## Description of the task
Word for word, copy out the data below, omitting pictures.

## Information shown
--

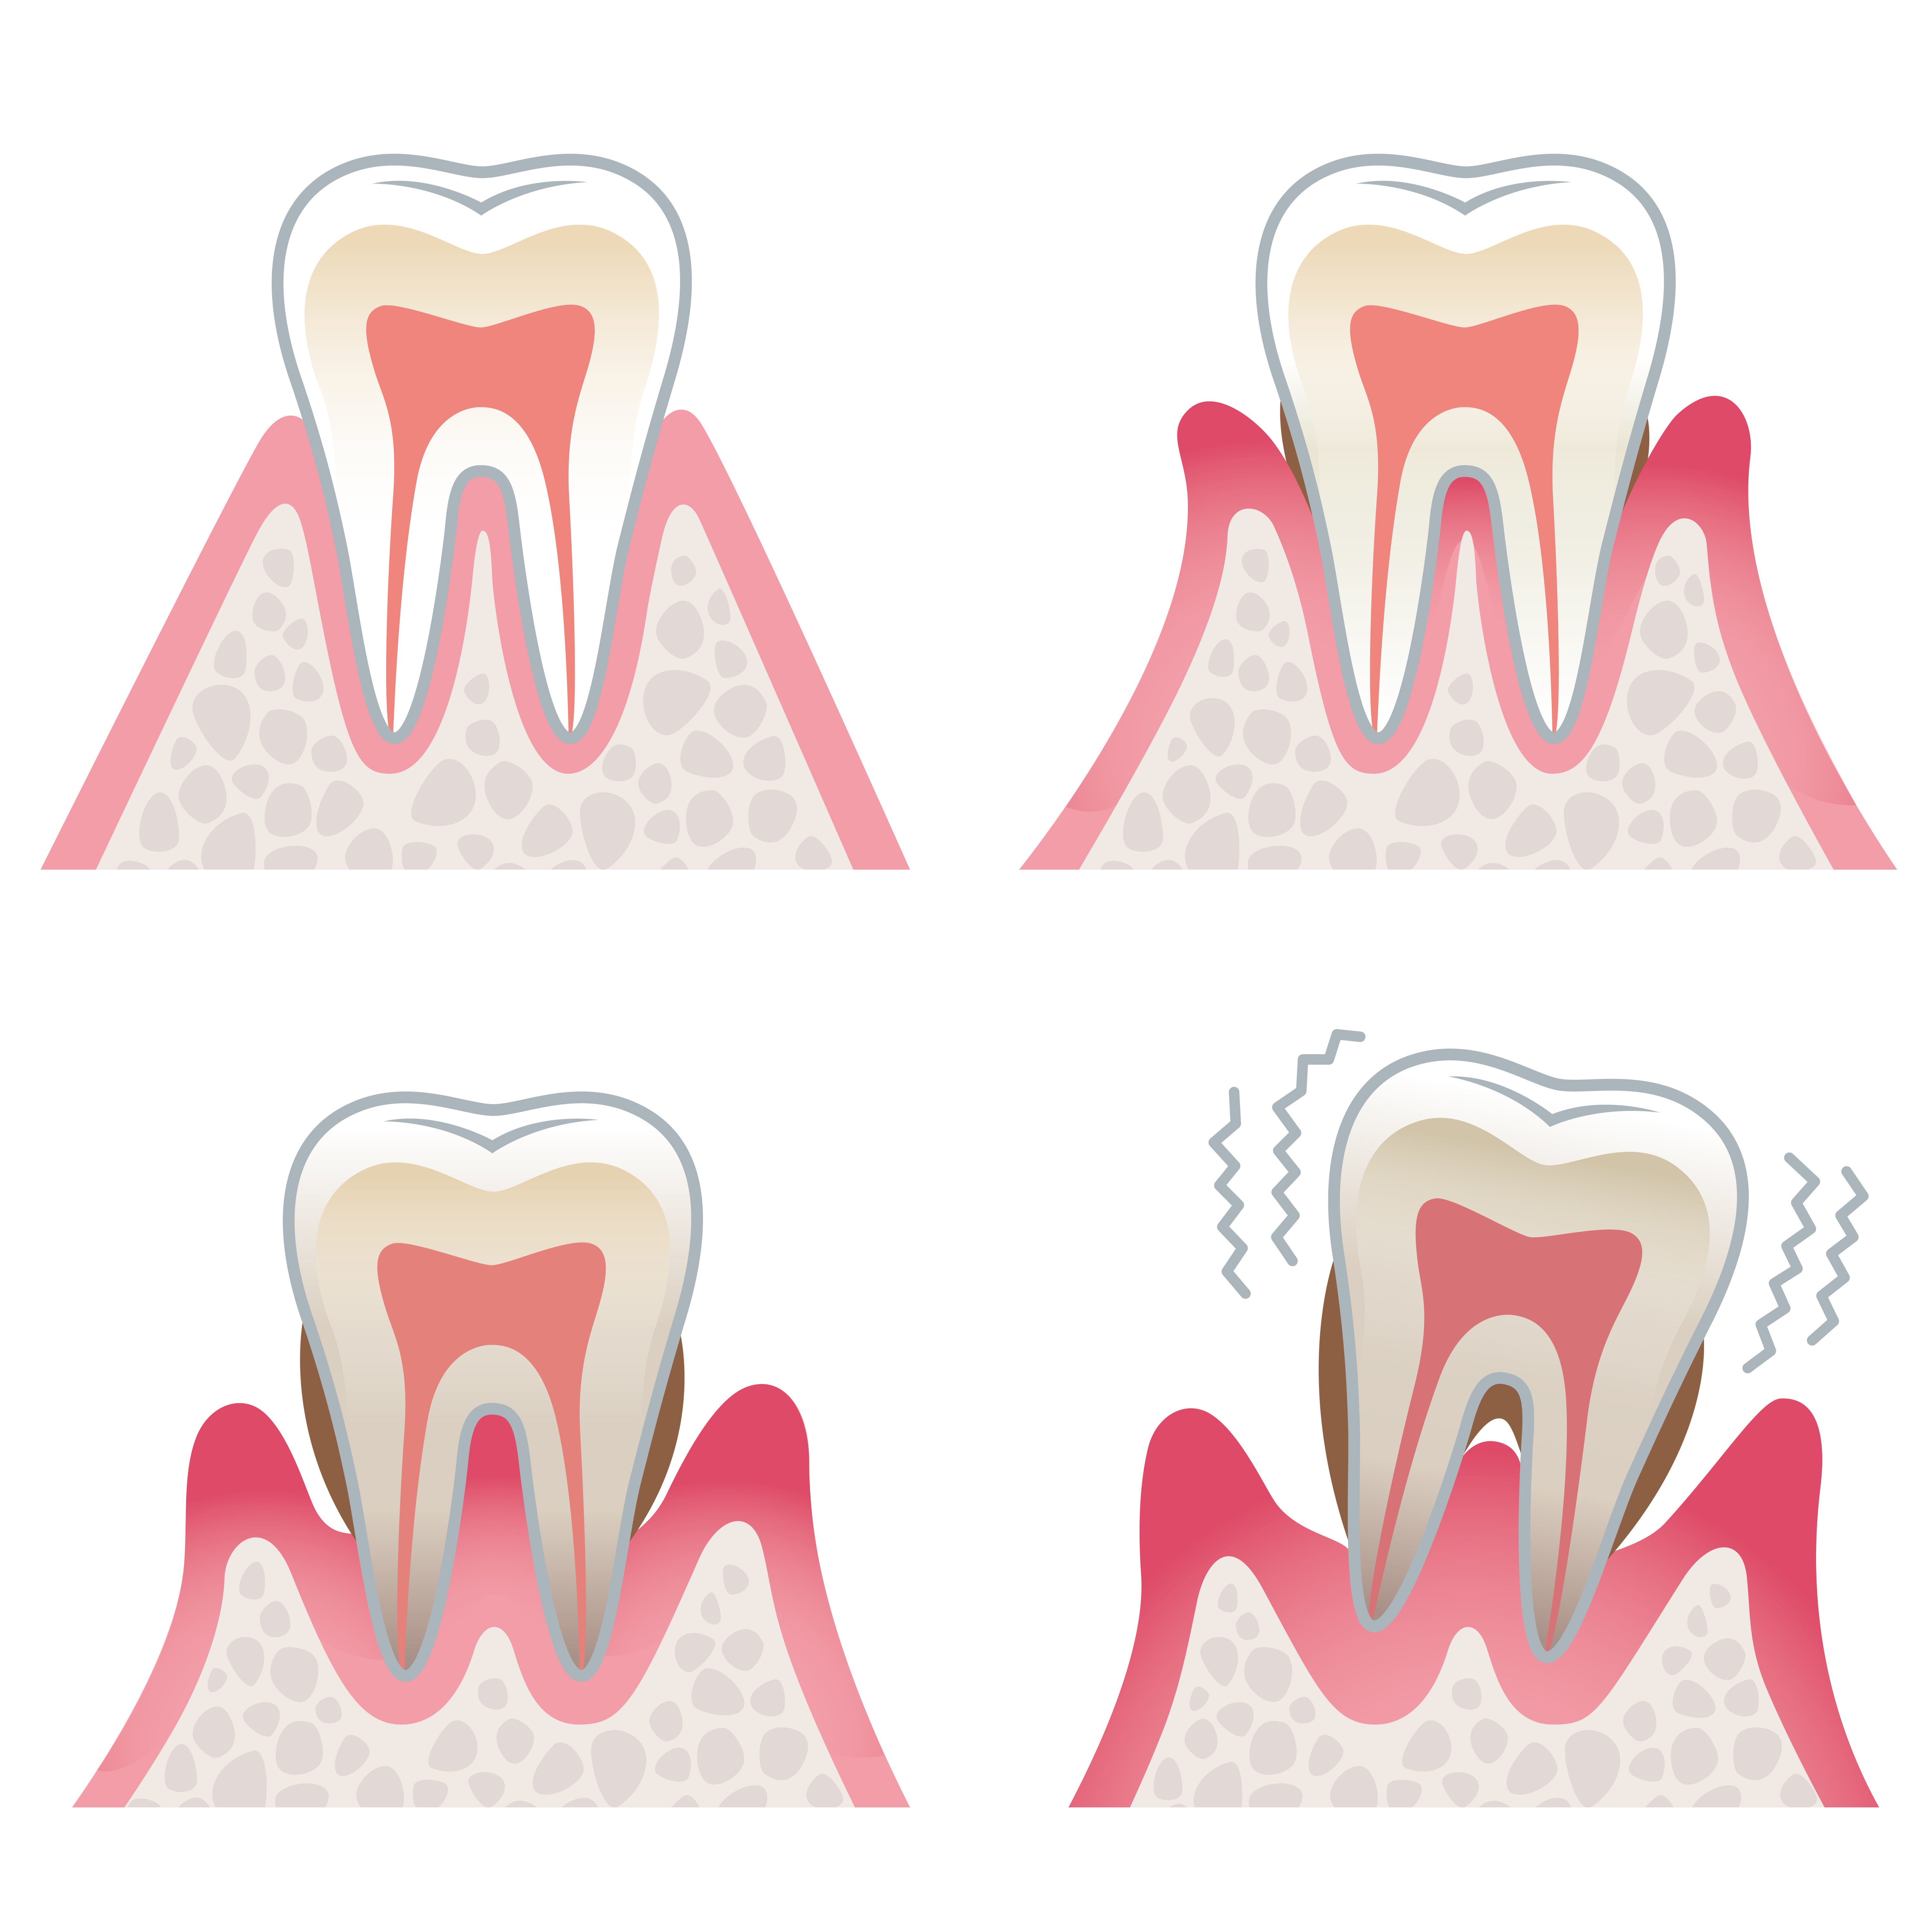 Symptoms of Gum Disease
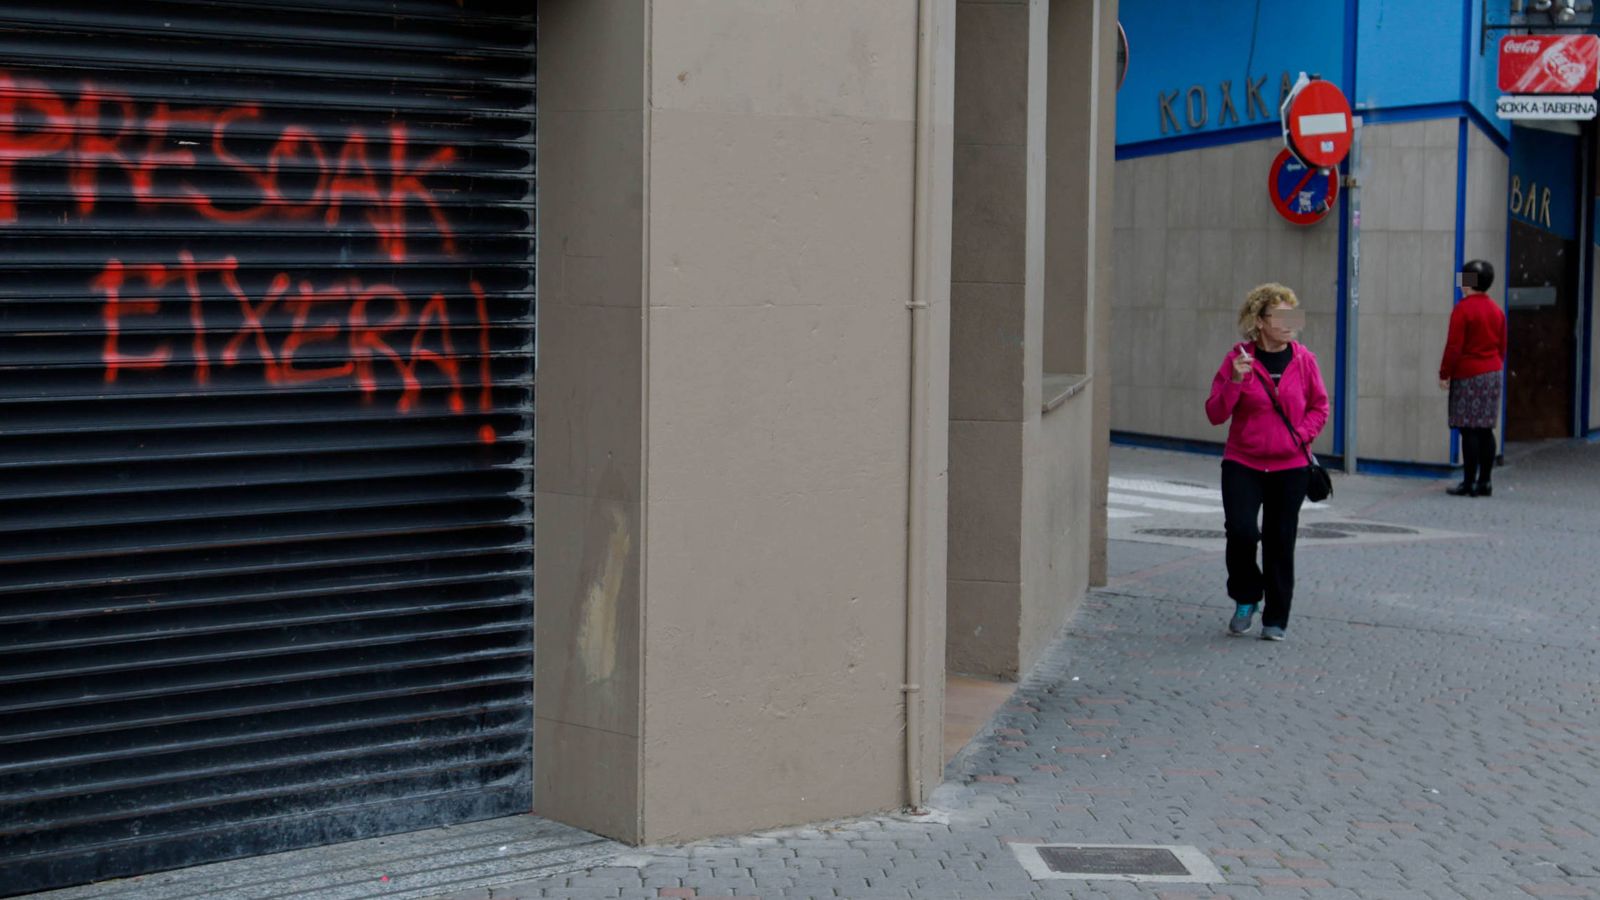 Foto: A la derecha, exterior del bar donde ocurrió la agresión y una pintada en apoyo a los presos etarras en el local de al lado. (Foto: Justy García Koch)
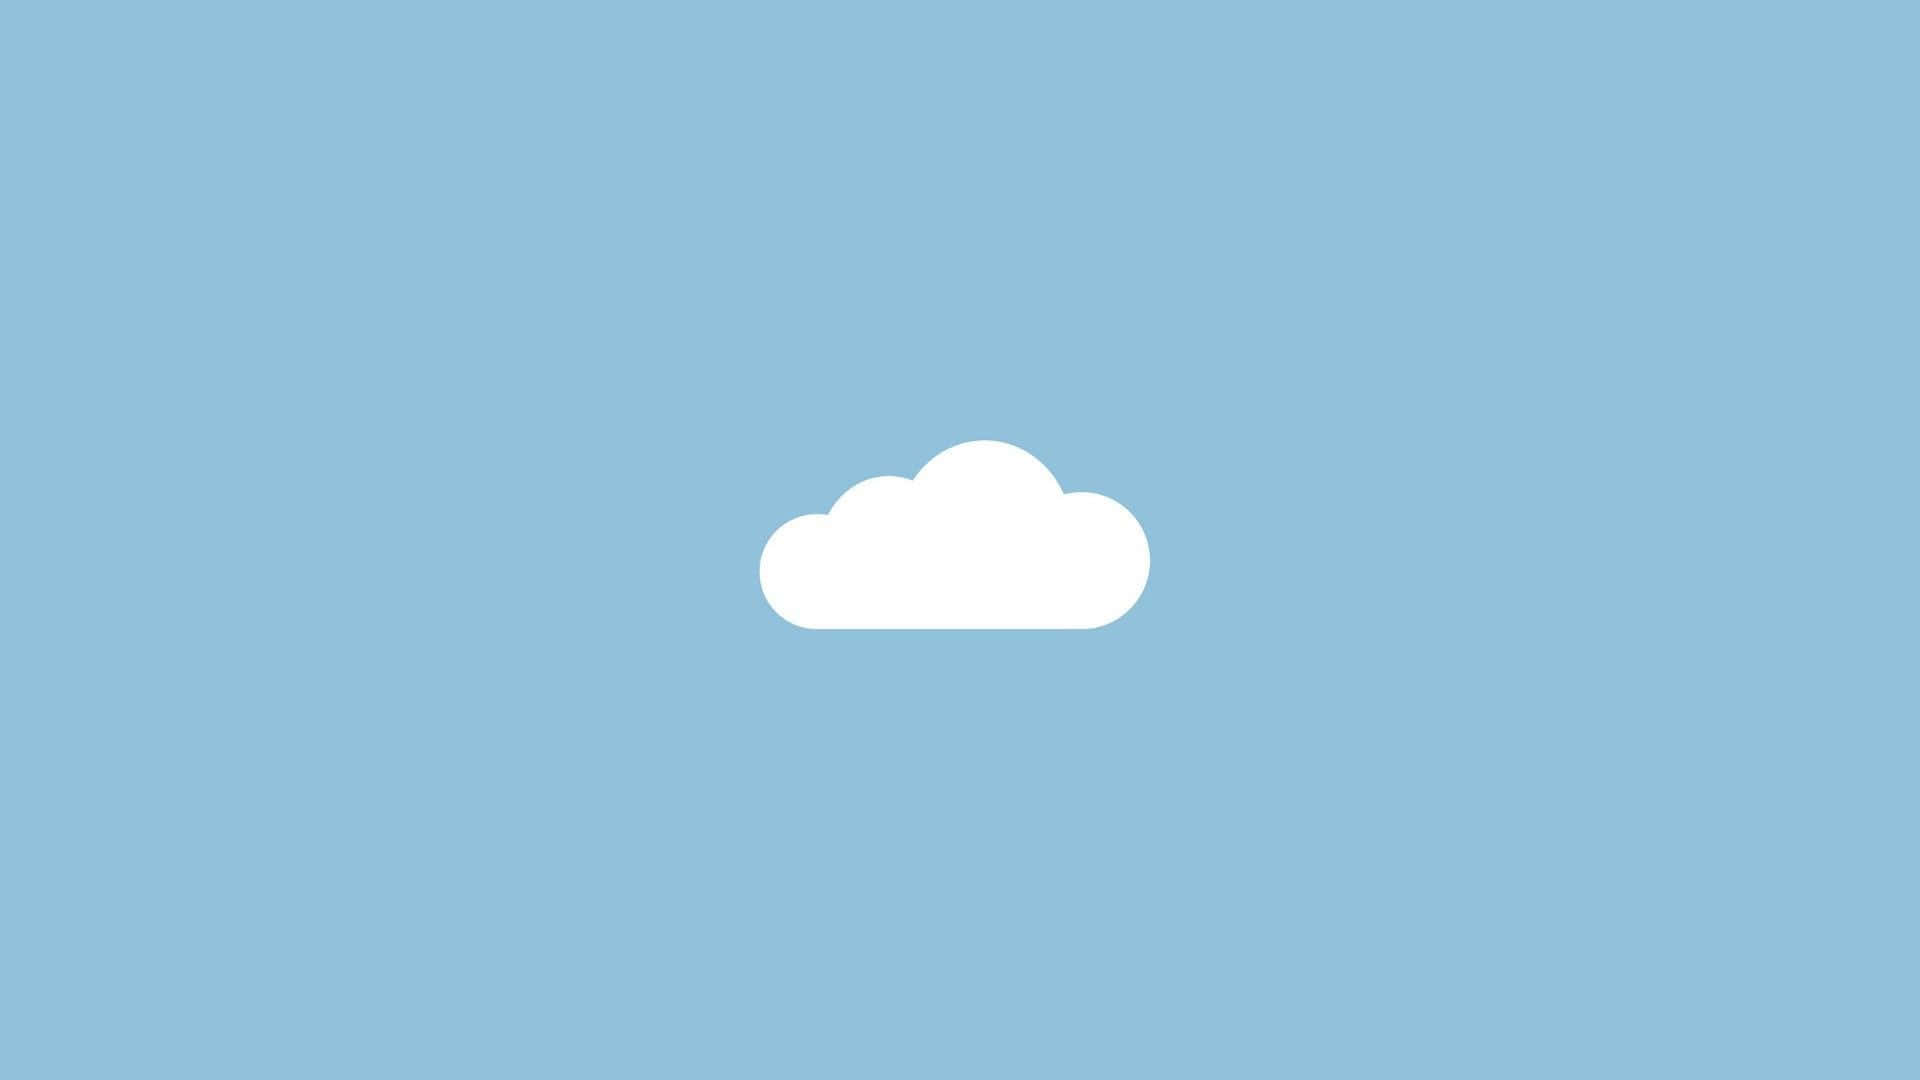 Pastel Blue Cotton Cloud Aesthetic Desktop Wallpaper
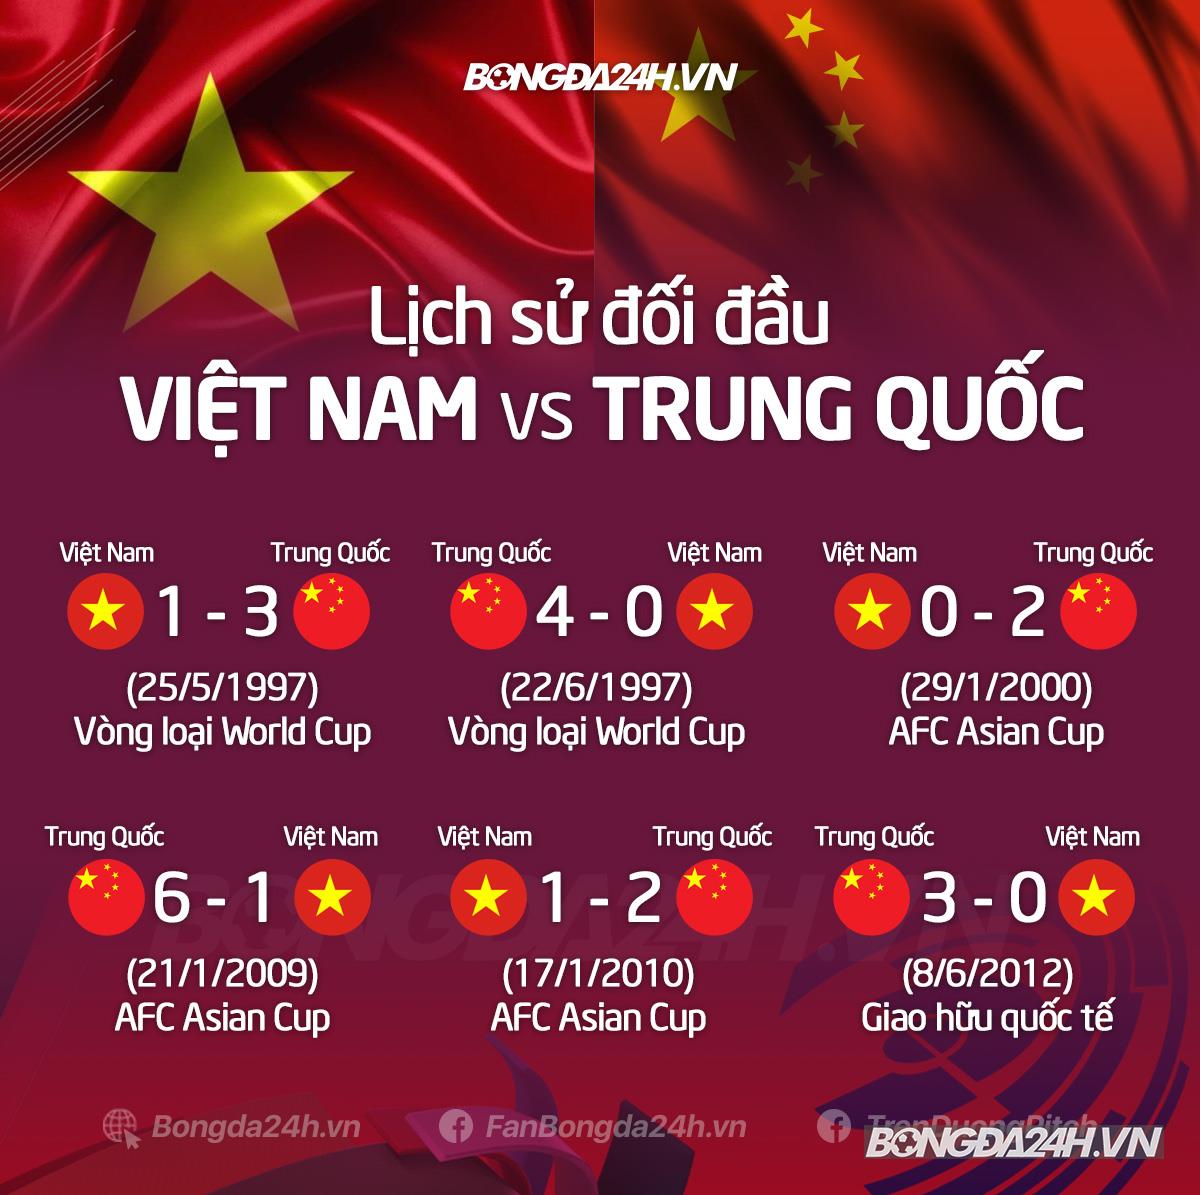 Việt Nam Trung Quốc

--

## Exercise result
 Symptoms of Gum Disease
 Foto: A la derecha, exterior del bar donde ocurrió la agresión y una pintada en apoyo a los presos etarras en el local de al lado. (Foto: Justy García Koch)
 Pastel Blue Cotton Cloud Aesthetic Desktop Wallpaper
 Việt Nam Trung Quốc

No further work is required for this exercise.